La planète bleue mon existence mes passions mes aspirations vives,

ma fragilité immense causée par des forces gigantesques déployées sur ce chemin arrière,

quoique, ce matin,

l'énergie est rayonnante, gorgée d'espoirs beaux, bons, vers devant.

-

Ma mère au téléphone, son fil devenu si mince, de plus en plus, c'est terrible de manquer de respirations, d'avoir le cœur emballé avec juste un tout petit peu de mouvements,

alors elle se repose, elle est assise, elle en est où sa tête à elle, vers le passé à revisiter, dans son jour, vers cet avenir terrible...

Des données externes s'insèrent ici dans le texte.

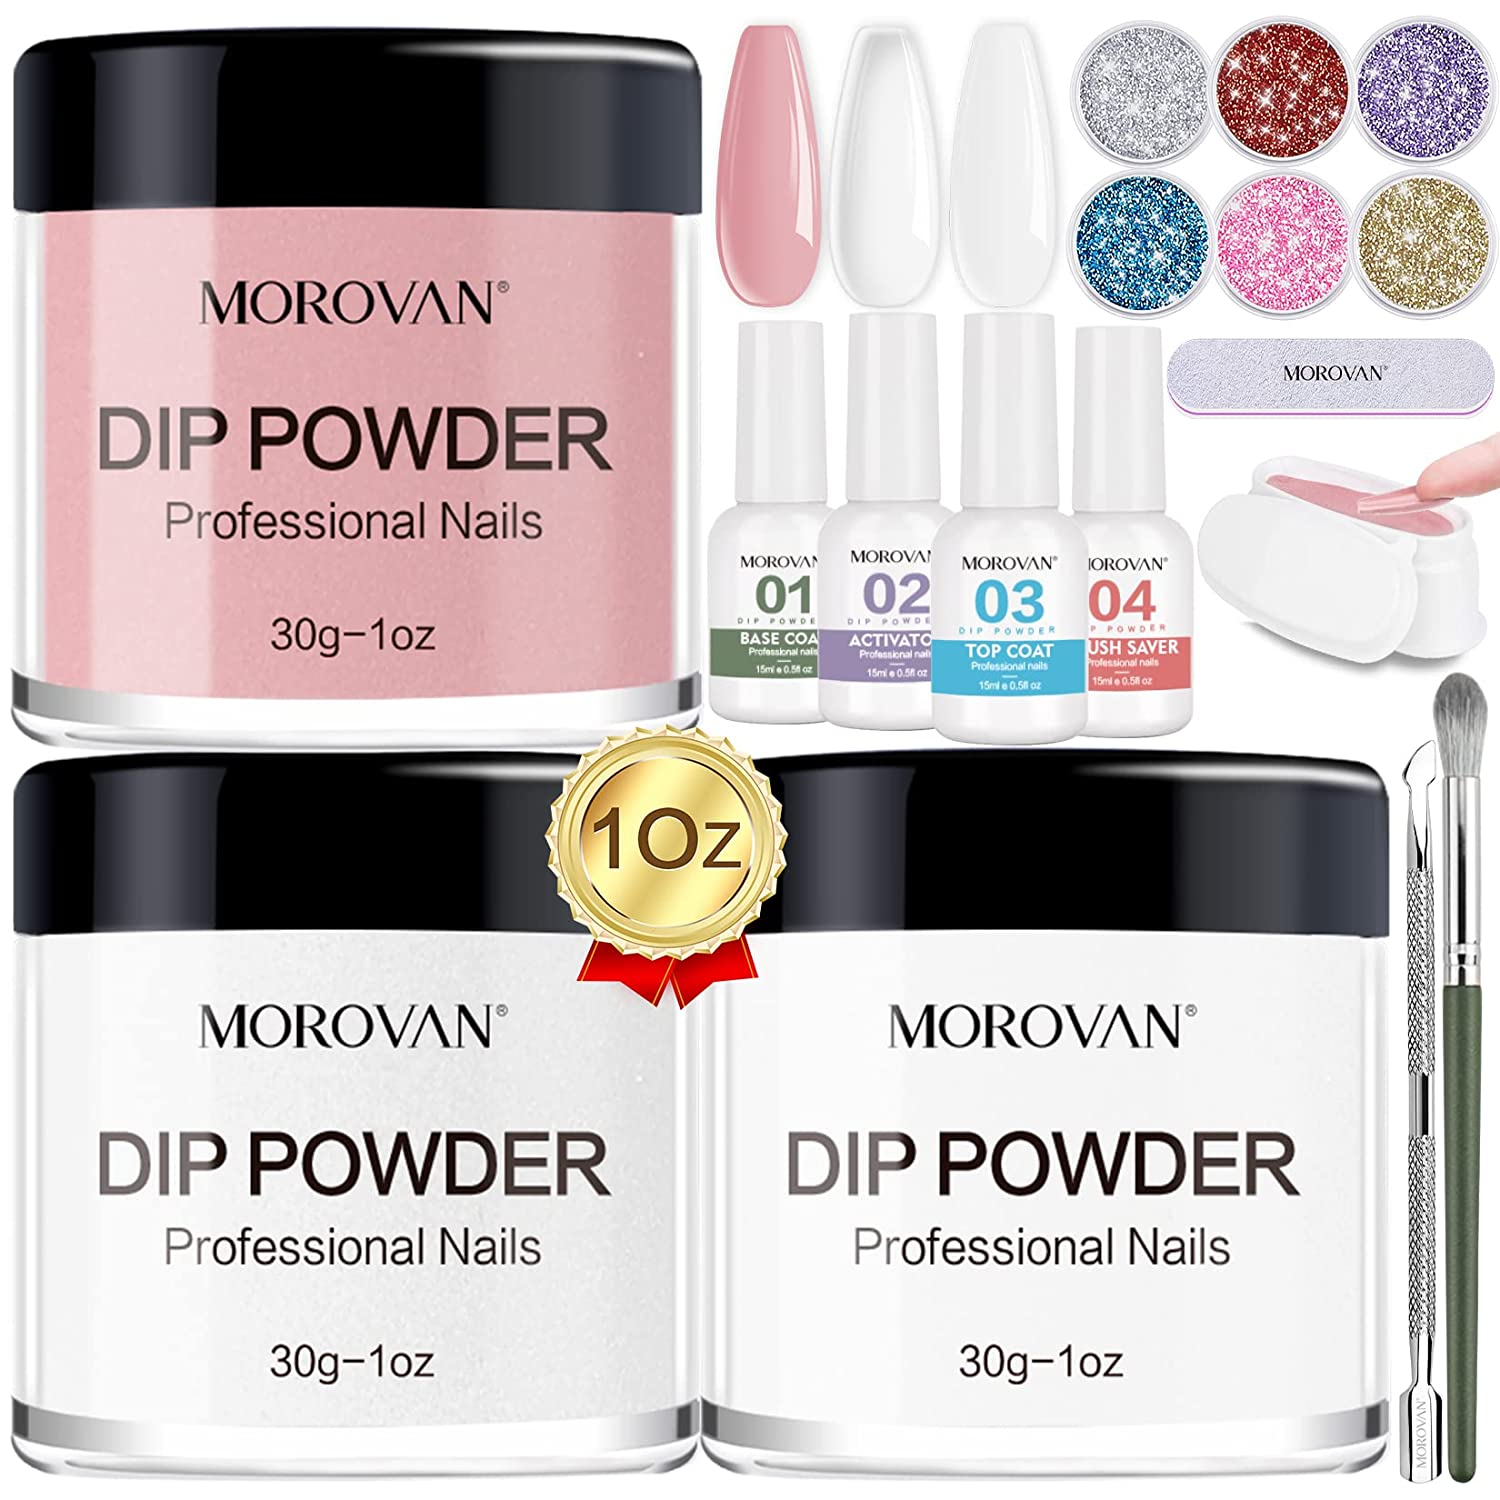 Gorgeous Dip powder - Enjoy Your Moment | MOROVAN

Je pense à elle, les plantes de mon fils sur la table du salon, pleine de belles attentions, ses orchidées resplendissantes,

le séjour est vivant de sa présence attentive à la vie, j'ai hâte de la retrouver de vrai, début Août,

il faudra vivre le mieux possible le séjour de vacances fin Juillet, ses vacances au jeune homme autiste en famille, en espérant que, sans attendre que, dans l'attente de se revoir, il reste quoi? l'instant précieux de se retrouver, mais voir sa mère dans un état terrassé par ses quatre vingt six ans, cela fait mal,

il n'y a pas d'âge pour accepter d'être sur ce fil de rasoir entre la vie et la mort.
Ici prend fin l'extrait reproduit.